EX-3.1 2 d324707dex31.htm EX-3.1 EX-3.1

Exhibit 3.1

CERTIFICATE OF AMENDMENT

OF THE

CERTIFICATE OF INCORPORATION

OF

MONRO, INC.

Under Section 805 of the Business Corporation Law

 

1.

The current name of the Corporation is Monro, Inc. The Corporation was originally formed under the name Midas Service Corporation, Inc.

 

2.

The Certificate of Incorporation of the Corporation was filed by the Department of State on October 5, 1959.

 

3.

The amendment effected by this Certificate of Amendment is as follows:

Sections 6(b) and 6(c) of the Certificate of Incorporation are hereby amended and restated to read in their entirety as follows:

“(b) Prior to the annual meeting of shareholders to be held in 2025 (the “2025 Annual Meeting”), the Board of Directors shall be divided into two classes, designated Class 1 and Class 2, and each class shall consist, as nearly equal in number as possible, of one-half of the number of directors constituting the Board of Directors.
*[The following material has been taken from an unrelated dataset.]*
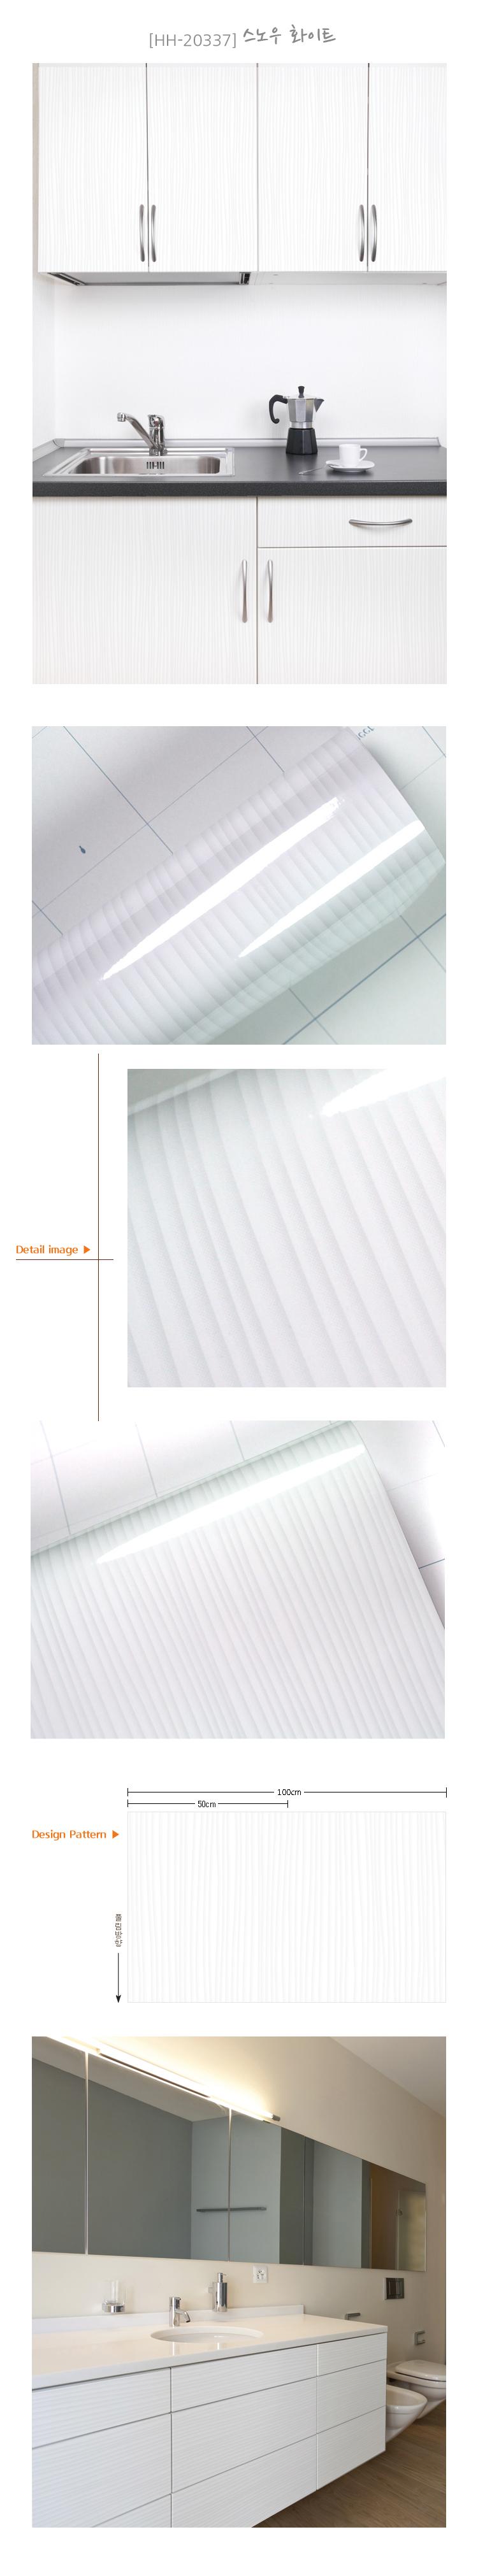 고광택시트지(HH-20337)-[폭]100cm 스노우 화이트 - 데코사랑, 7,530원, 벽지/시트지, 패턴/무늬목 시트

Directors with terms expiring at the annual meeting of shareholders to be held in 2024 shall serve out the remainder of their current two-year terms, and they shall stand for re-election to a one-year term at the annual meeting of shareholders to be held in 2024; directors with terms expiring at the 2025 Annual Meeting shall serve out the remainder of their current two-year terms, and they shall stand for re-election to a one-year term at the 2025 Annual Meeting. Until the 2025 Annual Meeting, no decrease in the size of the Board of Directors shall have the effect of removing or shortening the term of any incumbent director. Until the 2025 Annual Meeting, increases and decreases in the size of the Board of Directors will be distributed among the classes so as to render the classes as nearly equal in number as practicable. All directors of the Corporation elected at or after the 2025 Annual Meeting shall be elected for a term expiring at the next annual meeting of shareholders, with each such director to hold office until his or her successor shall be elected and qualified, or his or her death, disability, resignation, retirement, disqualification or removal from office. Notwithstanding the foregoing, any director whose term expires at any annual meeting of shareholders prior to the 2025 Annual Meeting shall continue to hold office until the end of the term for which such director was elected, and until such director’s successor shall have been elected and qualified, or until his or her earlier death, retirement, resignation or removal. Whenever the holders of Serial Preferred Stock issued pursuant to this Restated Certificate of Incorporation or the resolution or resolutions adopted by a majority of the Board of Directors then in office providing for the issuance of shares of Serial Preferred Stock shall have the right, voting as a separate class, to elect directors, the election, term of office, filling of vacancies and other terms of such directorships shall be governed by the terms of this Restated Certificate of Incorporation or such resolution or resolutions, as the case may be.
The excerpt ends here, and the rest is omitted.